I am thankful to Richard Greydanus for applauding Wendell Berry’s critique of industrialism and for accepting Berry’s diagnosis: that humanity has overestimated its ability to master nature and has abused it in the process. One need not accept Berry’s solution in order to be stimulated by this critique. However, a critic is only as good as the solution he posits. Hence one more attempt to give Berry a careful hearing.
A few points of clarification. First, Berry does not conceive of industrialization as a “metaphor for the basic problem.” Rather, the problem lies in “machine” being the dominant metaphor for industry, whether in agriculture proper or in any strand of the web of life it supports. It is the means of unfolding of earth’s potential with which he takes issue, not the unfolding itself. Berry is not so naïve as to fail to recognize that the majority of the world’s population lives in cities. It has always been the cultivation of land which interests him and never more so than when so few actually till the land which feeds them.
In contrast to “machine,” Berry advocates “husbandry.” By this, he means “the art of the practices which sustain life by connecting us conservingly to our places.” It is for this reason that Berry privileges and protects what is local over what is global. Only in the intimate “husbanding” practices of local adaptation, local wisdom, and local control is life at all levels truly sustainable. This is a question of discerning how the whole thing can best be held together long-term. It is not a question, as Mr. Greydanus would suggest, of an “unavoidable struggle” between local and global.
Secondly, labels such as “romantic” and “utopian” simply don’t do justice to Berry. I argue that Berry is a realist. That it is our continued trust in technology’s power to solve problems by “large-scale, expensive, petroleum-dependent schemes which ignore local conditions and needs” which is utopian. Hurricane Katrina did not reveal our dependence on natural resources as Mr. Greydanus suggests, but the nature of that dependence: extravagant, ignorant at its best, unjust at its worst. Berry himself has been known to label the wilderness preservation movement “utopian.” He appreciates and contributes to its work, but also offers some stern words for its potential elitism.
Thirdly, Wendell Berry is not the limiting prescriptivist his critics would have him be. Although he champions the “small” family farm, he does not prescribe its size. His categories are properly fluid. “Local” concerns can be seen to include national as well. And it bears repeating that Berry does not view the family farm as the solution to all the world’s problems. Rather, it remains the most visible “enactment” of our shared dependence on the earth. Its protection has become Berry’s life calling, but he has no less an interest in other threatened or even extinct forms of local life such as those mentioned by Peter Scholtens.
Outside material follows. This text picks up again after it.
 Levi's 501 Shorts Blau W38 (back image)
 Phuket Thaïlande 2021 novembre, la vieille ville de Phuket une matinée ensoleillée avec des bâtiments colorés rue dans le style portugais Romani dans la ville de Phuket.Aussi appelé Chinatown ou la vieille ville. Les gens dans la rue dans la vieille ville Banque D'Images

Finally, in considering Mr. Greydanus’s use of the cultural mandate to defend global pursuits, I was reminded that we always need to guard against any loss of tension between the here-and-not-yet of a “Christ the transformer of culture” stance. As local, national, and global concerns interact in complex ways never seen before, Berry’s deeply Christian writing reminds us that it is entirely possible that what we call “growth” might not constitute true growth at all, economic indicators aside. While we’ve quite enthusiastically accepted our role as “subduers” of the earth, we have forgotten our Pattern: a personal, forming, planting, naming, “husbanding” God.
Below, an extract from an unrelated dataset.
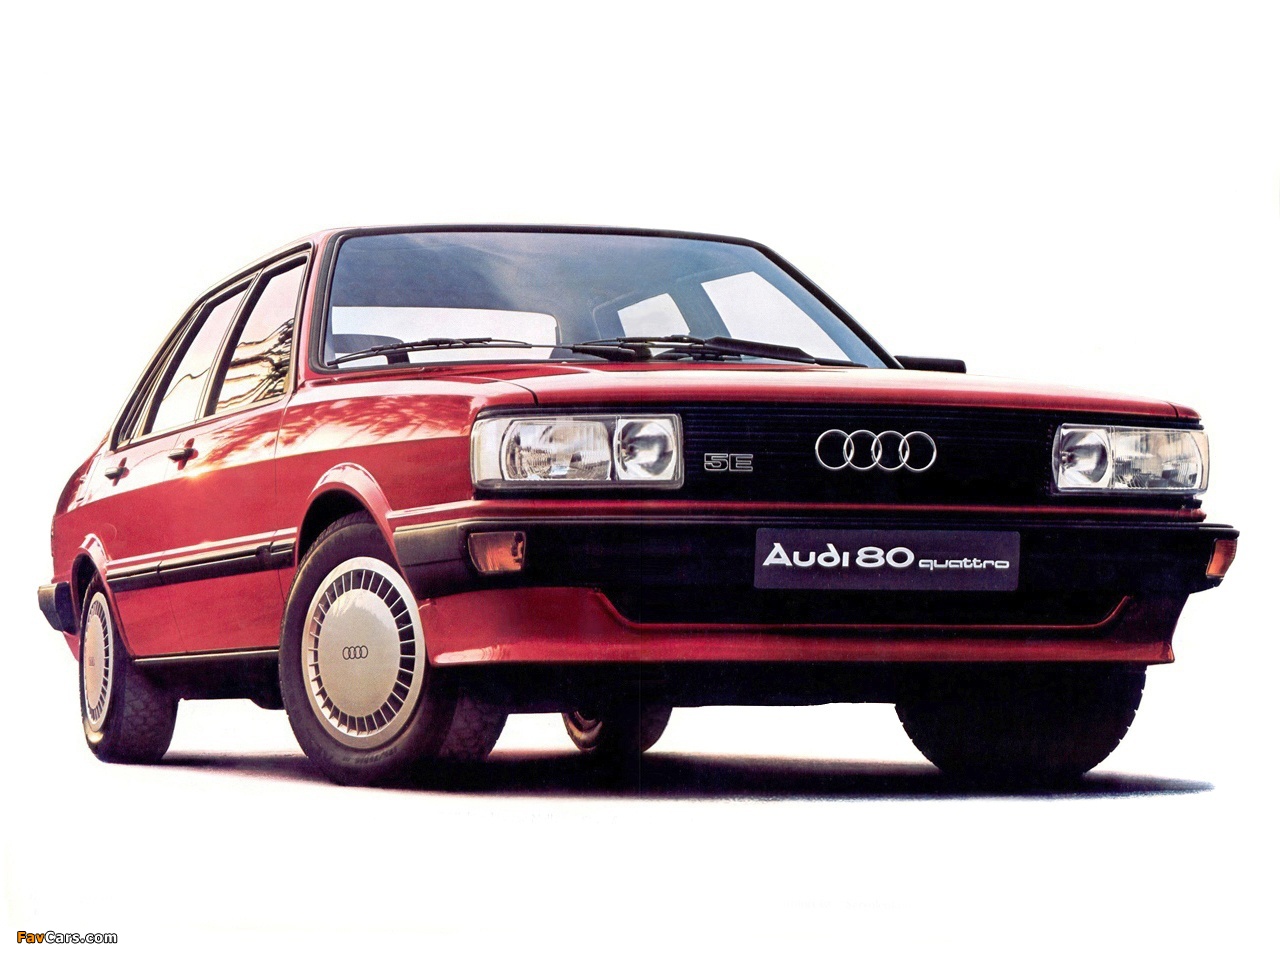 Audi 80 quattro B2 (1984-1986) images (1280x960)

Lest the news be too grim, it is important to recognize the efforts already being made to restore what Berry calls “competent husbandry” on farms and in urban consumer groups. Also to keep Revelation’s grand goal in mind: a garden again, with river and trees and fruit, but a garden in a city. The cultivating efforts of man drawn into God’s great work of redemption.
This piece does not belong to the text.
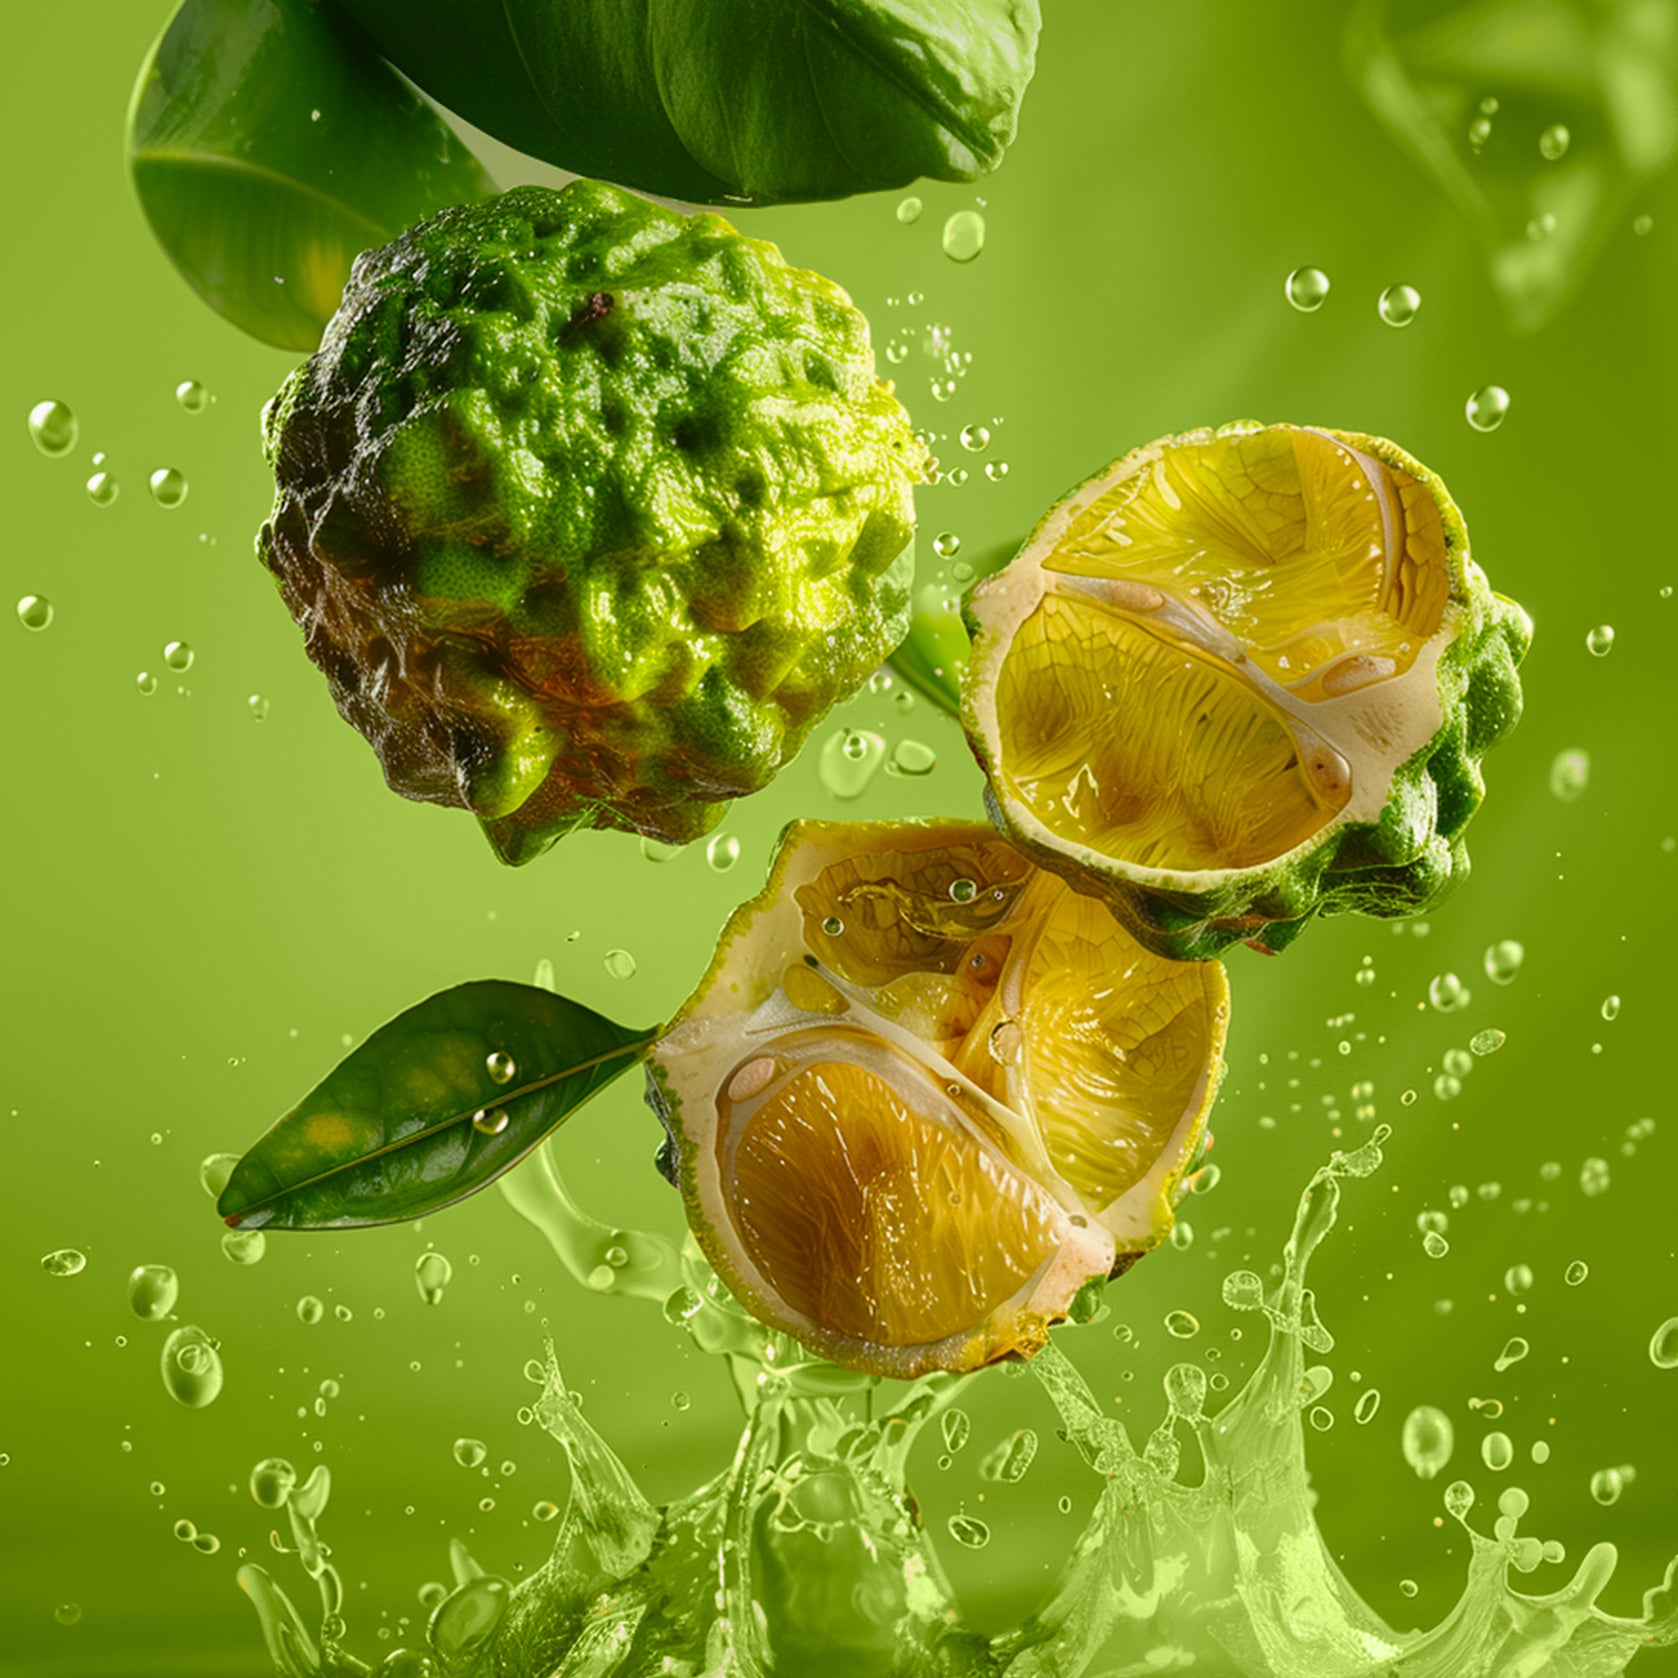 Accord de bergamote. Photographie de 3 bergamote verte flottantes, deux moitiés de ce fruit sont coupées, présentant l'intérieur juteux avec du jus éclaboussant autour.

For that cultivation to have focus and intellectual rigor, it needs passionate and responsible teachers of whom I believe Wendell Berry remains pre-eminent. The New York Times Book Review suggests we all read Berry’s newest book, The Way of Ignorance, “with pencil in hand, hoping that somehow the world will soon come to see the truth that is told here.” The world is neither a factory, nor a wilderness, but a garden under cultivation. But no matter how much one may love the world as a whole, one can live fully in it only in some small part.